Rococo (or Roccoco) Western Art style refers to a French Fine Art Movement, observed at peak during the eighteenth century, 1730s to be precise, during the reign of King Louis XV. The term ‘Rococo’ was derived from the French word ‘rocaille’ (pebble) and Italian term ‘Barocco (Baroque).’ Right from the ornamental objects of interior decoration such as furniture, to architecture, paintings, and sculpture, this novel French style touched all. Considered as a high fashion style, Rococo had some popular forms. In fact, Rococo can be labeled as the climax and the fall of Baroque Art.

The Details

In this Western Art style, grotesques were converted into lines, curves, and bands, all the while flirting safely with imaginary, fantasy, and game playing. Rococo was the dominant choice of the then modern and aristocrat society, which focused more on the unreflective and indulgent living style, rather than morality, piety, discipline, and heroism. Graceful & lighthearted romance, mythology, routine life, history, and religion were the key themes. Fanciful figures, a smart use of line, delicate curves, and pastel colors were the other evident key characteristics of this Western Art style. Focused on subjects, the art works were light in color, effects, and emotion. Rococo’s special attention to fine details in the purview of feminine taste made it a preferred choice for interior decoration. This style was also used in furniture, tapestry design, and portraiture.


Jean-Antoine Watteau (1684-1721) is considered as the first Rococo painter. He greatly influenced the later painters like Francois Boucher (1703-70), Jean-Honoré Fragonard (1732-1806), and Élisabeth-Louise Vigée-Le Brun (1755-1842 – especially in her portraits of Marie Antoinette).
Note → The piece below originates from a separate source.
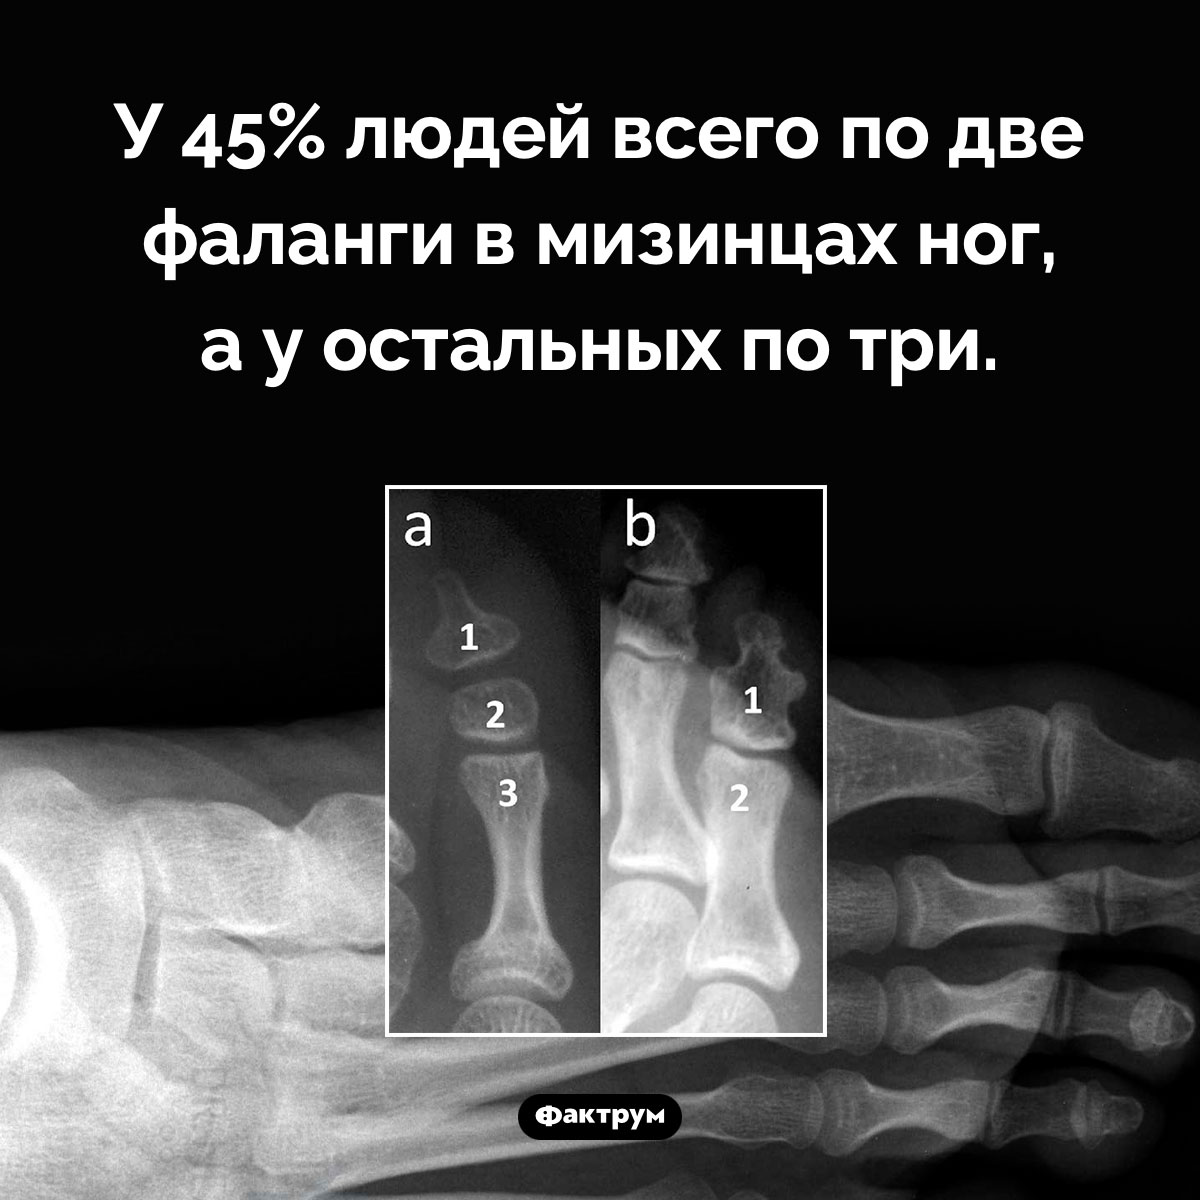 Сколько фаланг в мизинцах ног. У 45% людей всего по две фаланги в мизинцах ног, а у остальных по три.

Thomas Gainsborough (1727-88) added uniqueness to the style through delicate and sensitive intricacies. Other Rococo artists include Jean-Baptiste van Loo (1684-1745), his two sons Louis-Michel van Loo (1707-71) & Charles-Amédée-Philippe van Loo (1719-95), & his younger brother Charles-André van Loo (1705-65); Nicolas Lancret (1690-1743); Jean-Baptiste-Siméon Chardin (1699-1779); and Jean-Baptiste Greuze (1725-1805).

The Spread

Not only France, Rococo gained popularity in Germany, Bohemia, and Austria too. The German version of this French art style was introduced in churches and palaces in the southern part of the country, while Frederician Rococo was admired in the Kingdom of Prussia. In Italy, Giovanni Battista Tiepolo (1696-1770) was the frontrunner of this art movement. In England, Rococo was never adopted as an architectural style however; it significantly influenced Fine Arts zones, such as porcelain, silverwork, silk, and even some English furniture.

The End

Starting 1760s Rococo started to decline, as the critics condemned it as frivolous, tasteless, colorless art, and the sign of a corrupt society. Neo-Classicism eventually replaced this rich Western Art style, in 1785. 1820-70 witnessed the revival and another fall of Rococo.